INSTRUCTIONS FOR THE TASK ▸ What is needed is an exact repeat of the entries, with no pictures in it.

EXCERPTED DATA ▸

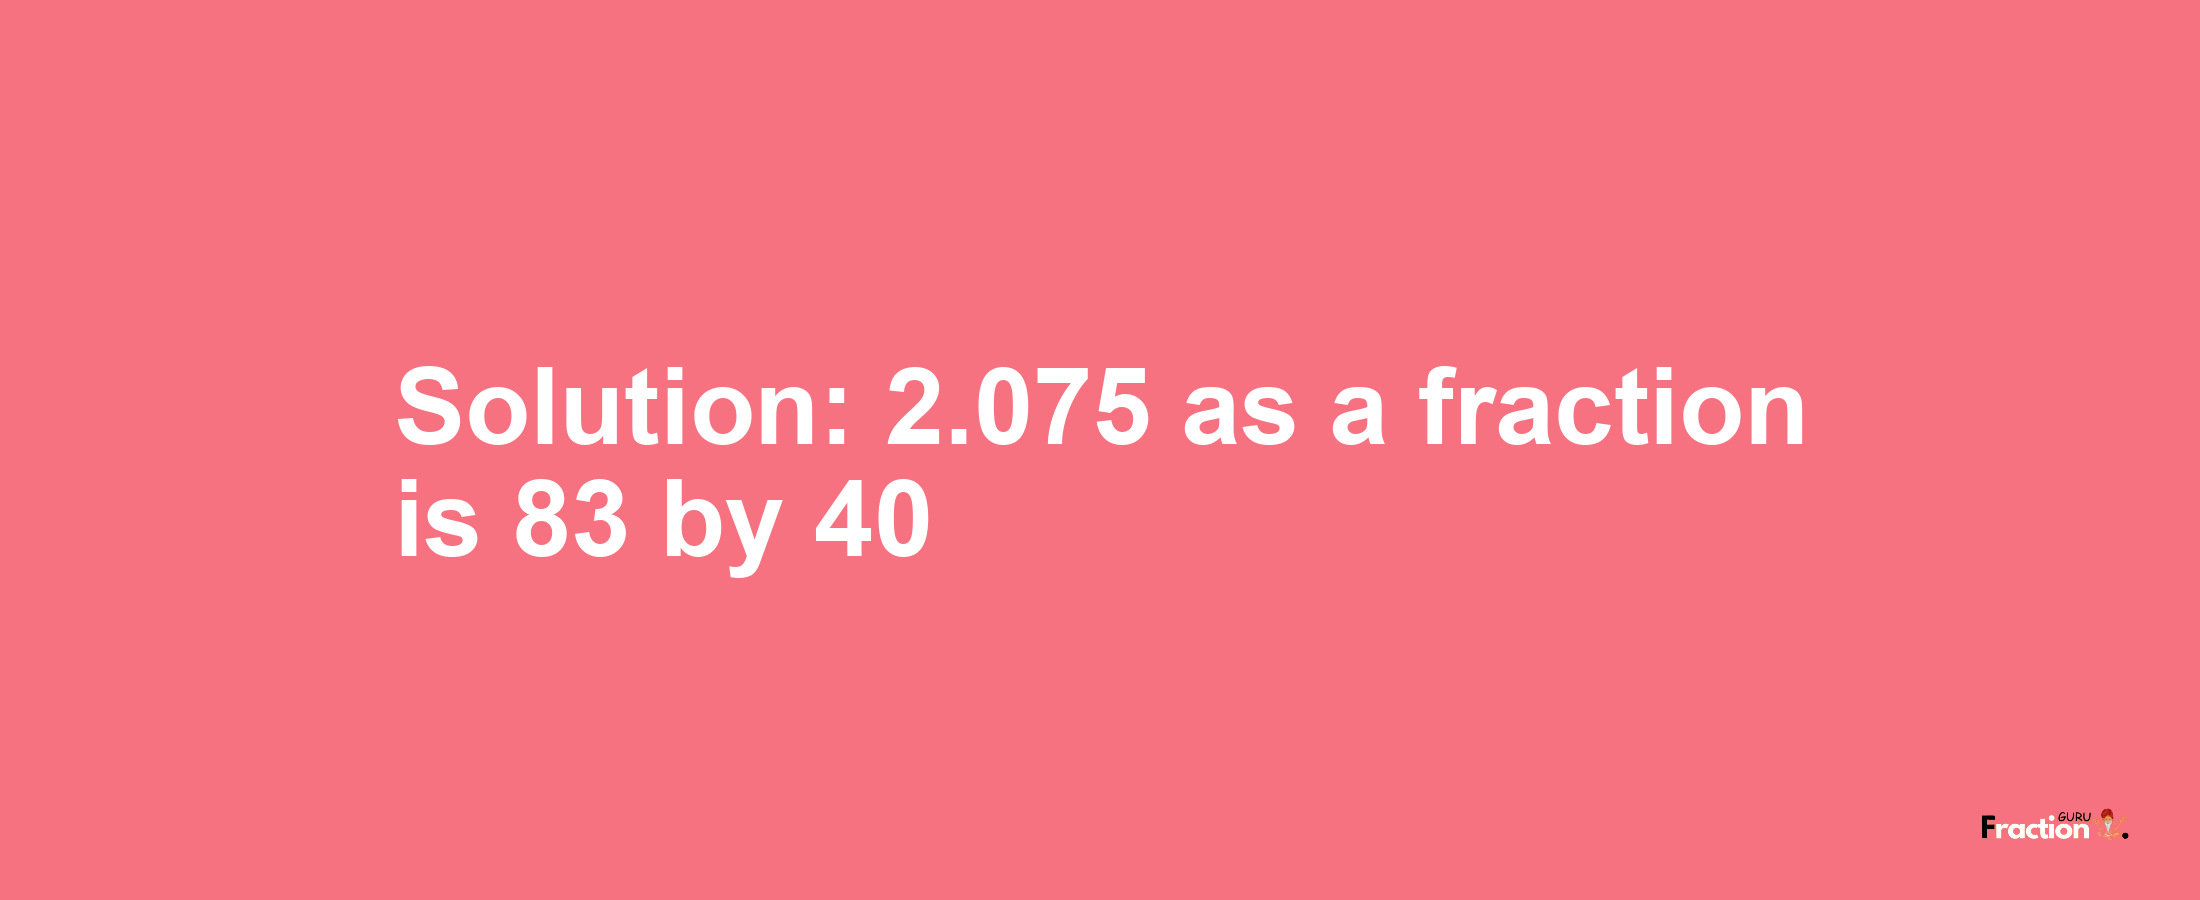 Solution:2.075 as a fraction is 83/40
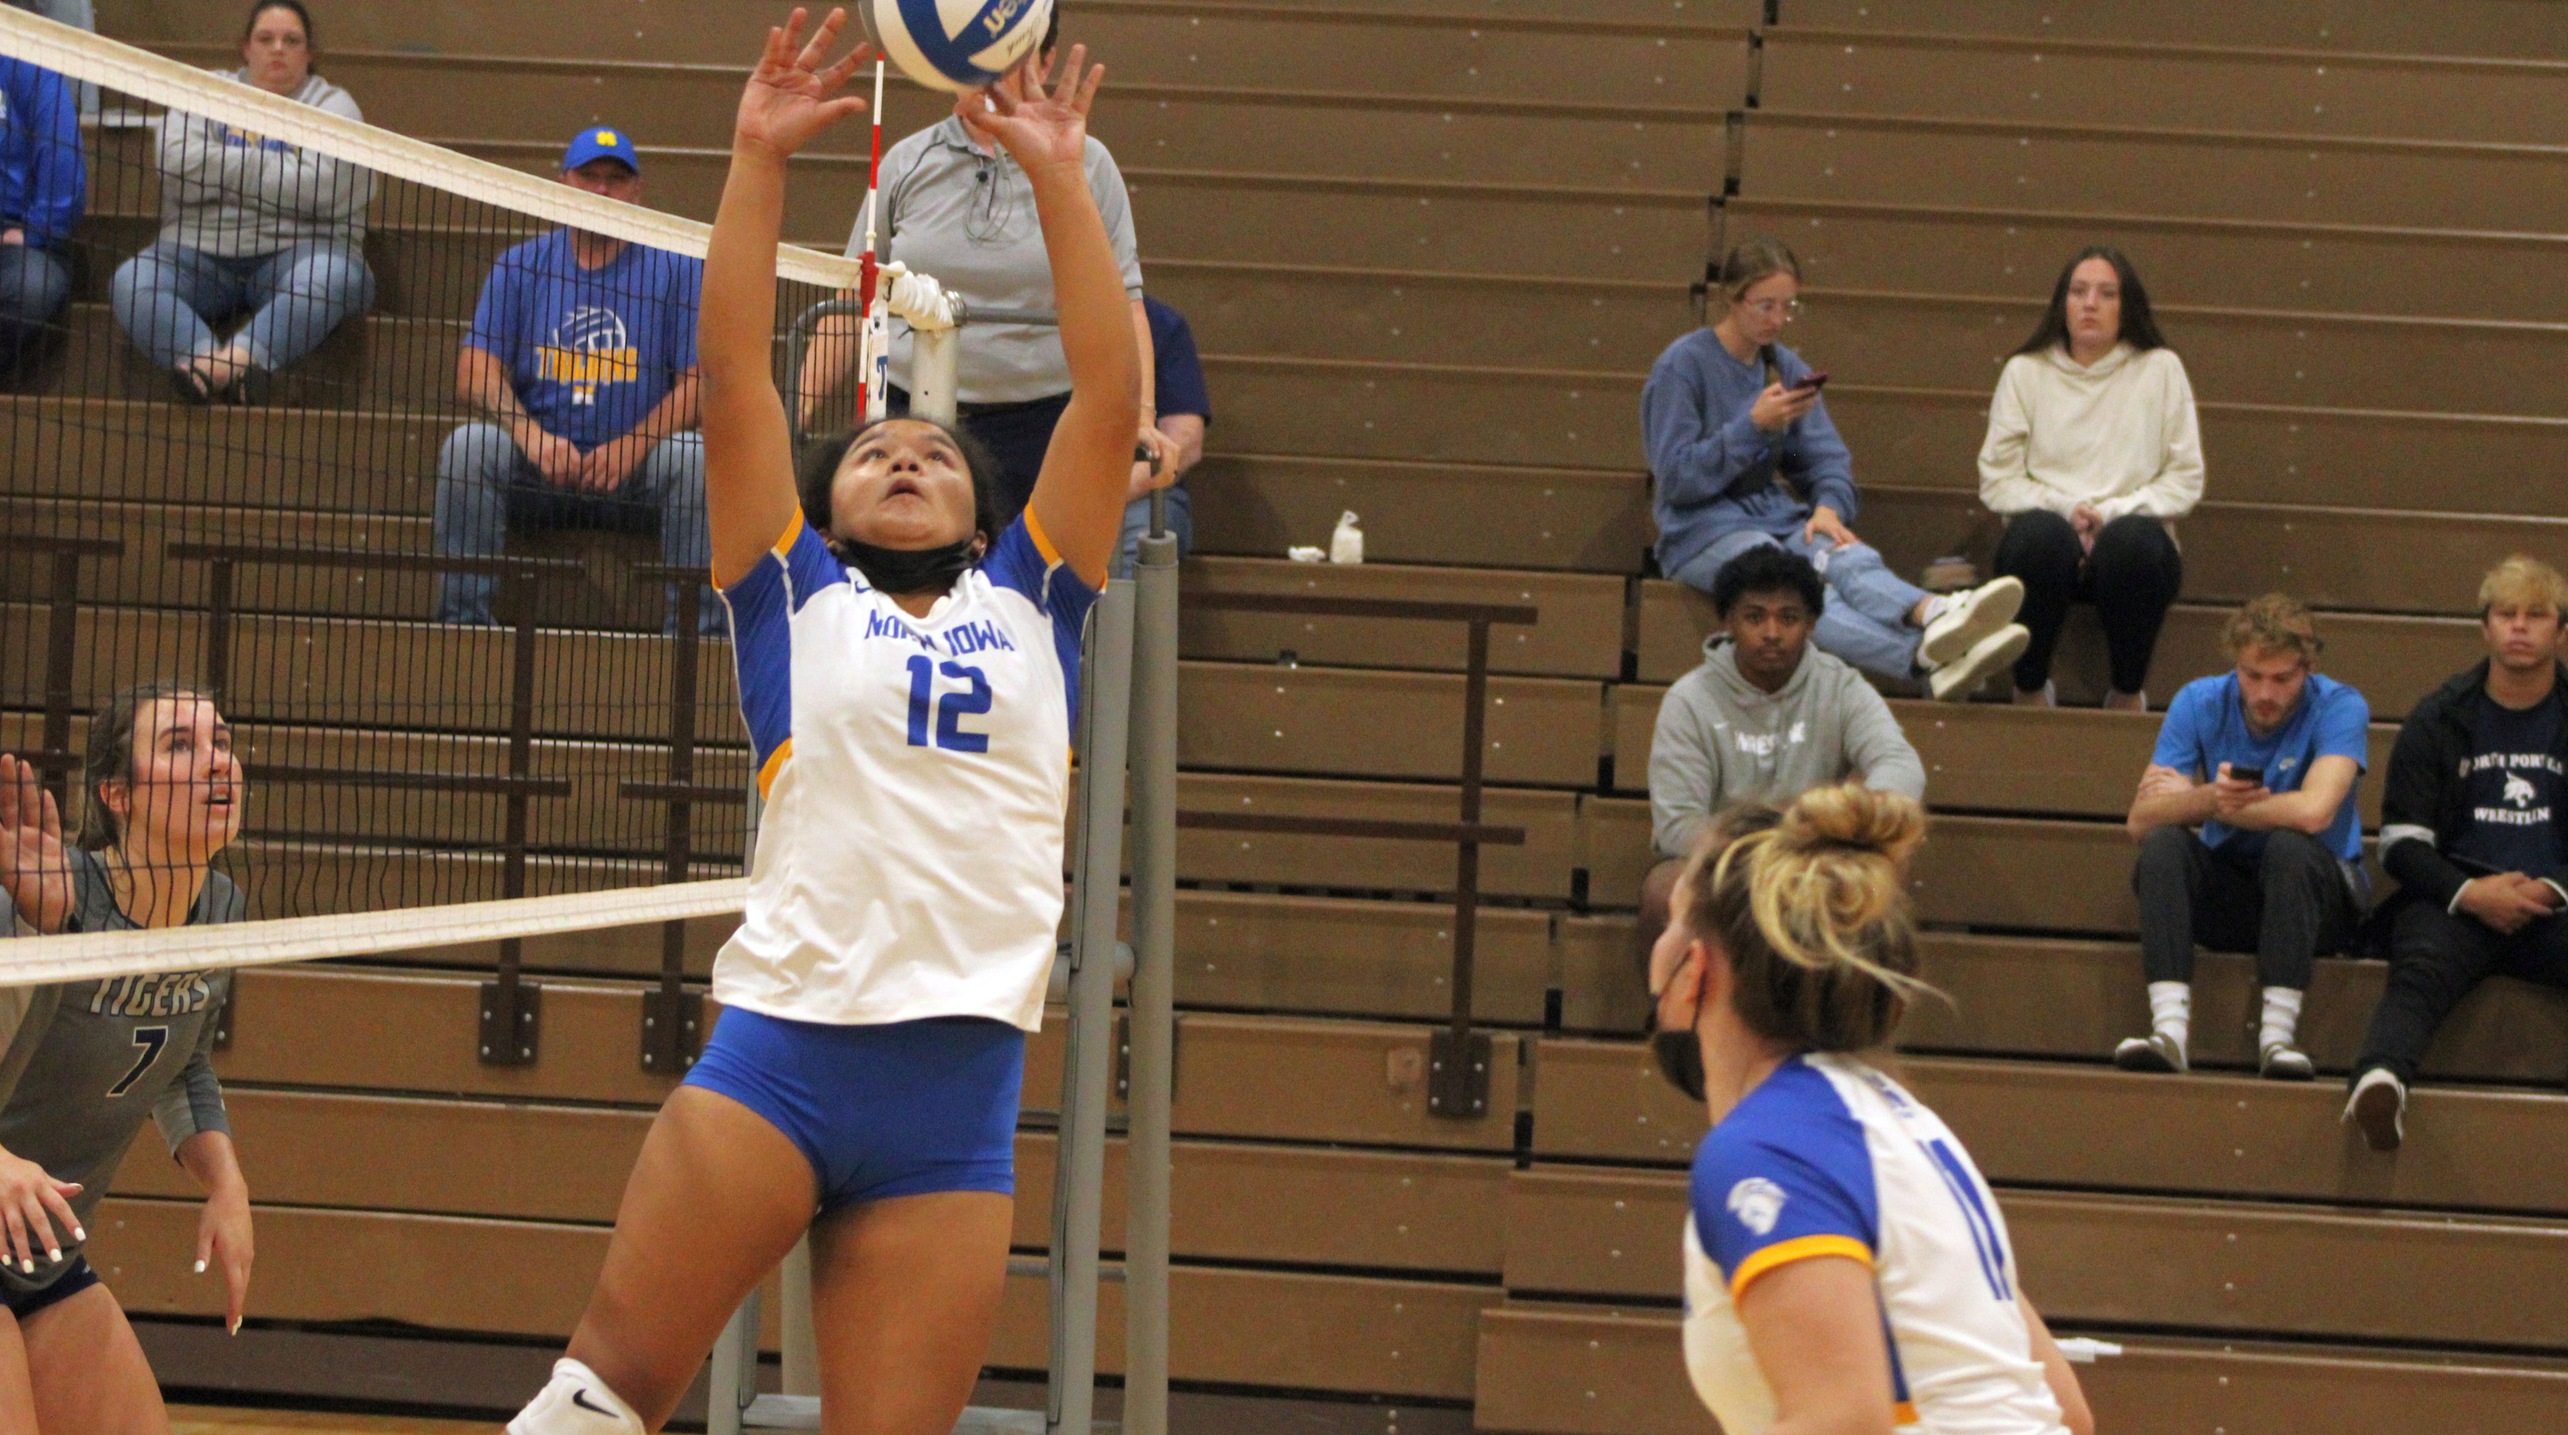 NIACC's Iwalani Beltran sets the ball during Friday's match against Marshalltown CC.
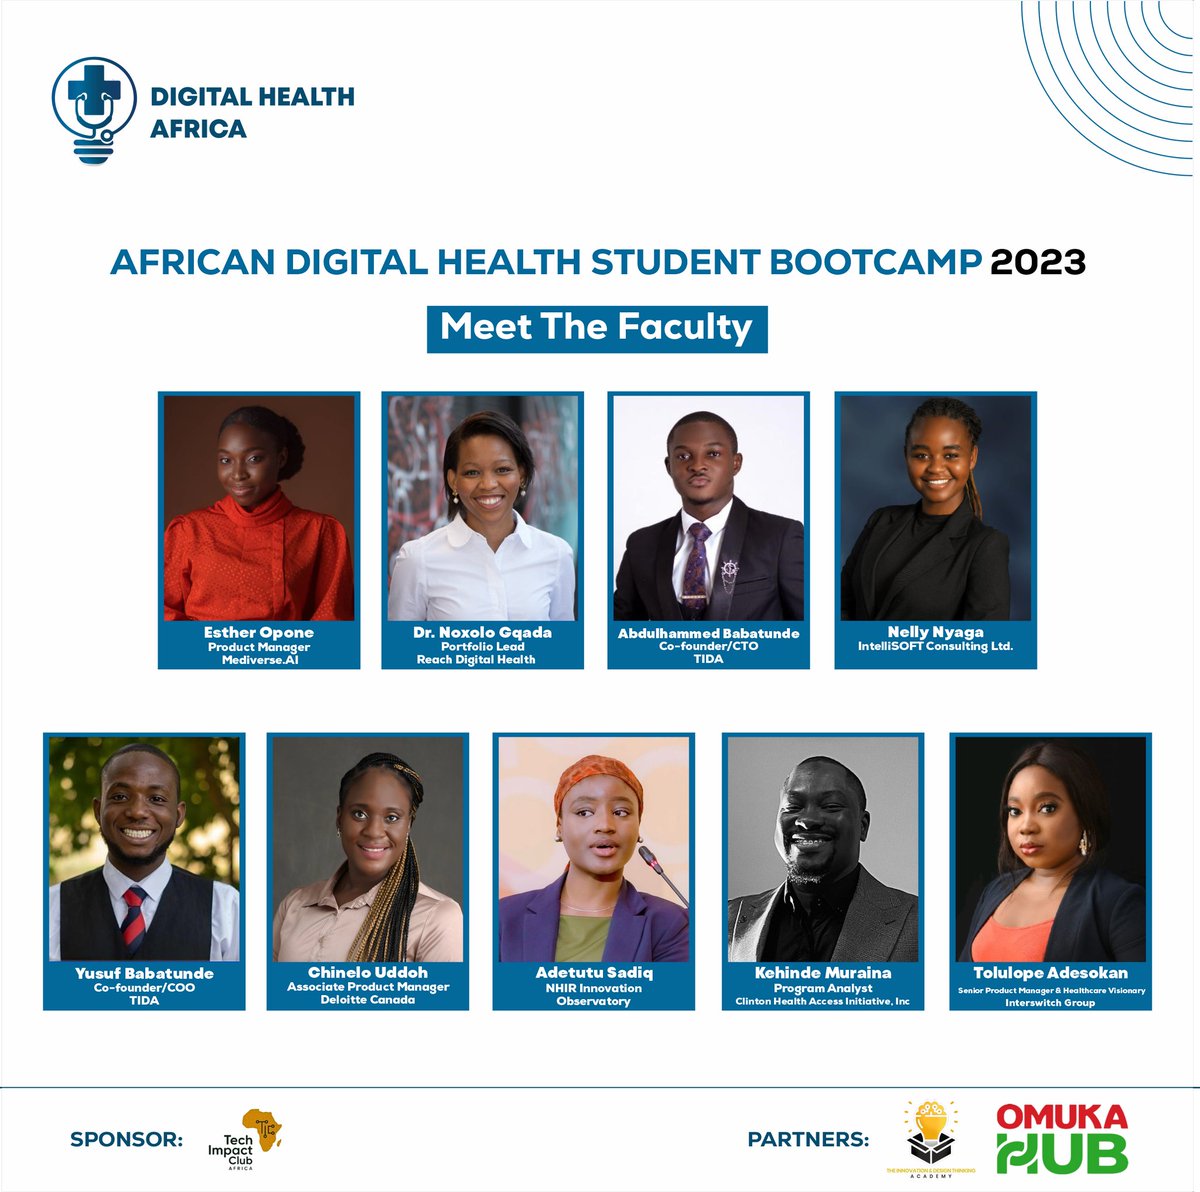 Meet our distinguished faculty 🔥

We are excited to have industry experts and professionals in the digital health field in Africa. 

They will guide and mentor our participants during the Community Health Innovation Challenge ⚡

#adhsb2023
#youthparticipation
#digitalhealth
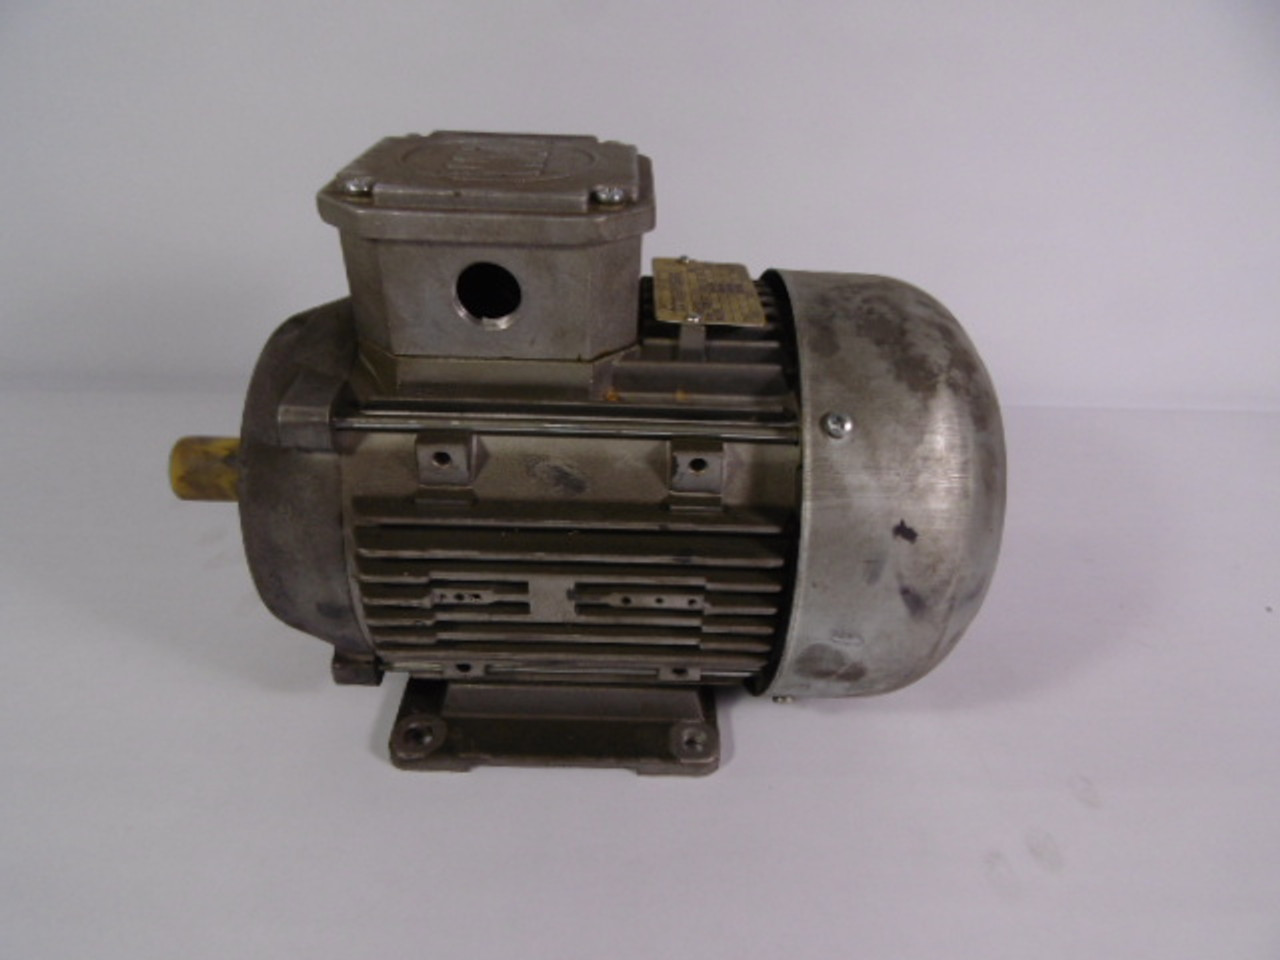 Ermaksan 0.75kW 1680RPM 220-265/380-460V TEFC 3Ph 3.22-3.06A 60Hz USED
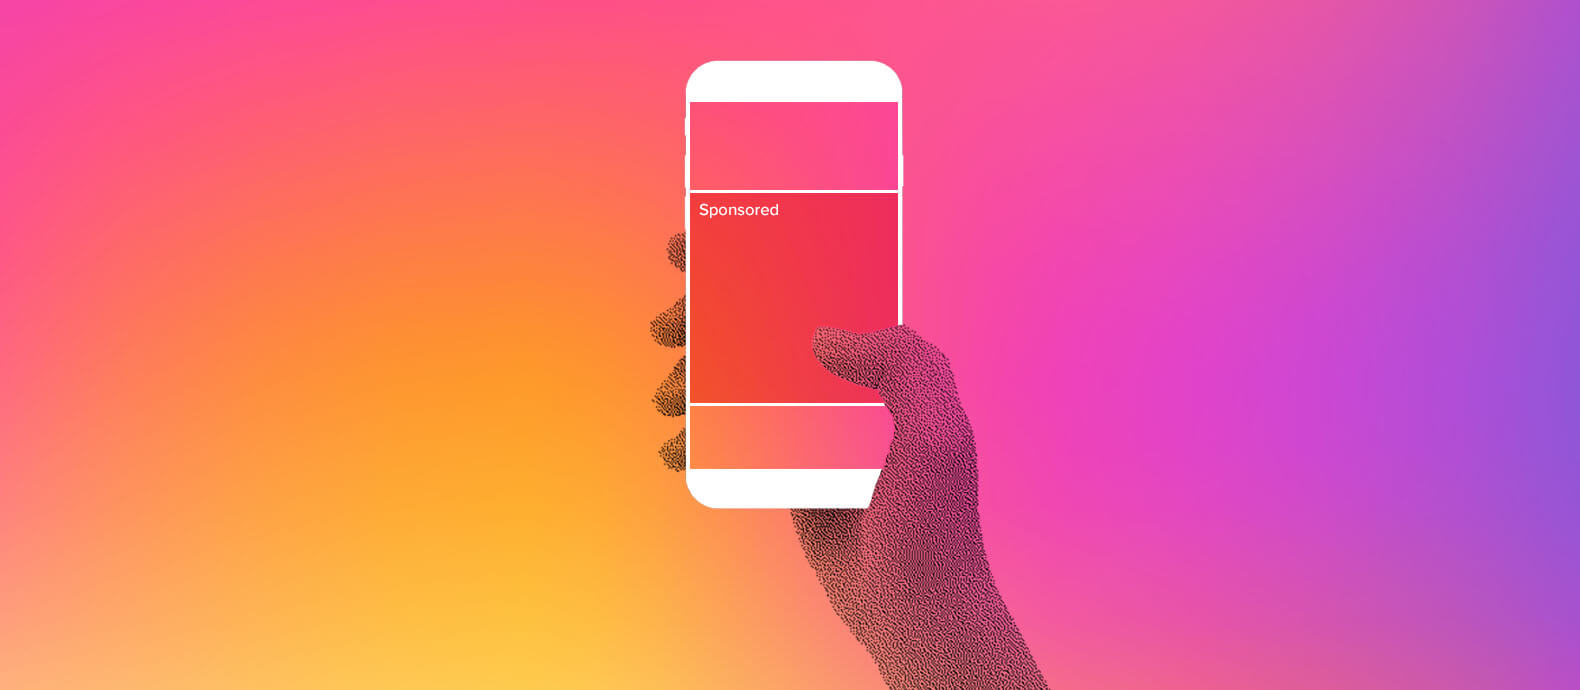 Instagram scam ads: how to protect your brand

EXERCISE RESULT ▸
 Solution:2.075 as a fraction is 83/40
 NIACC's Iwalani Beltran sets the ball during Friday's match against Marshalltown CC.
 Meet our distinguished faculty 🔥

We are excited to have industry experts and professionals in the digital health field in Africa. 

They will guide and mentor our participants during the Community Health Innovation Challenge ⚡

#adhsb2023
#youthparticipation
#digitalhealth
 Ermaksan 0.75kW 1680RPM 220-265/380-460V TEFC 3Ph 3.22-3.06A 60Hz USED
 Instagram scam ads: how to protect your brand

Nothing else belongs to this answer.